Еще скажу: глаза немножко жмурые: слишком много было ресниц, казалось — они ей мешали глядеть, но так же мало мешали нам их, глаза, видеть, как лучи мешают видеть звезду. И еще одно: даже когда они плакали — эти глаза смеялись. Поэтому их слезам не верили. Москва слезам не верит. Та Москва — тем слезам — не поверила. Поверила я одна.
Ей, вообще, не доверяли. О ней, вообще, на мои бьющие по всем площадям восторги, отзывались… сдержанно, да и сдержанно-то — из почтения ко мне, сдерживая явный суд и осуждение.

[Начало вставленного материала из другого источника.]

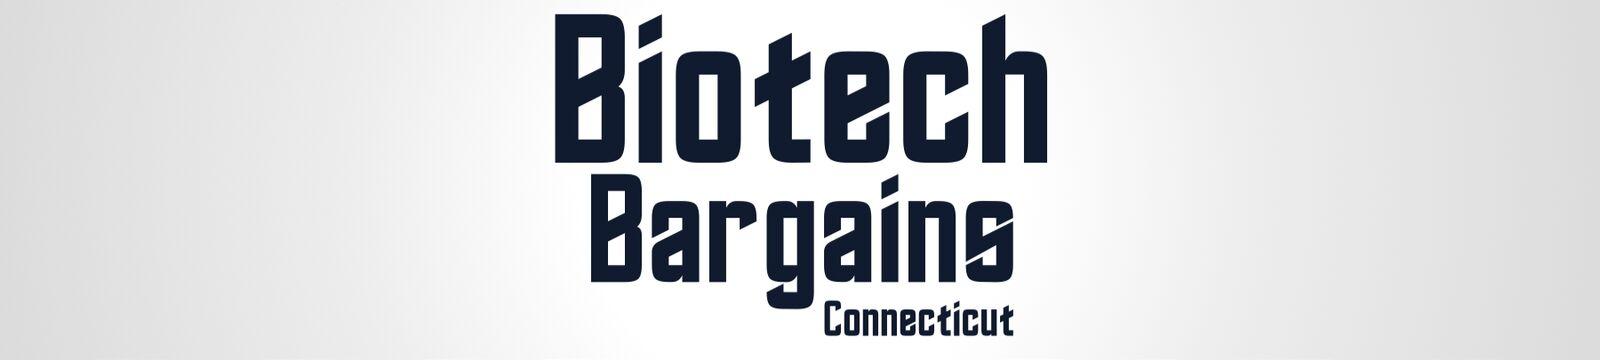 Biotech Bargains

— Да, очень талантливая… Да, но знаете, актриса только на свои роли: на самое себя. Ведь она себя играет, значит — не играет вовсе. Она — просто живет. Ведь Сонечка в комнате — и Сонечка на сцене…
* * *
Сонечка на сцене:
Выходит маленькая, в белом платьице, с двумя черными косами, берется за спинку стула и рассказывает:
— Жили мы с бабушкой… Квартирку снимали… Жилец… Книжки… Бабушка булавкой к платью пришпиливала… А мне — сты-ыдно…
Свою жизнь, свою бабушку, свое детство, свою «глупость»… Свои белые ночи.
Сонечку знал весь город. На Сонечку — ходили. Ходили — на Сонечку. «А вы видали? Такая маленькая, в белом платьице, с косами… Ну, прелесть!» Имени ее никто не знал: «такая маленькая…»
«Белые ночи» были — событие.
Спектакль был составной, трехгранный. Первое: Тургенев, «История лейтенанта Ергунова»: молодая чертовка, морока, где-то в слободской трущобе завораживающая, обморачивающая молодого лейтенанта. После всех обещаний и обольщений исчезающая — как дым. С его кошельком. Помню, в самом начале она его ждет, наводит красоту — на себя и жилище. Посреди огромного сарая — туфля. Одинокая, стоптанная. И вот — размахом ноги — через всю сцену. Навела красоту!
Но это — не Сонечка. Это к Сонечке — введение.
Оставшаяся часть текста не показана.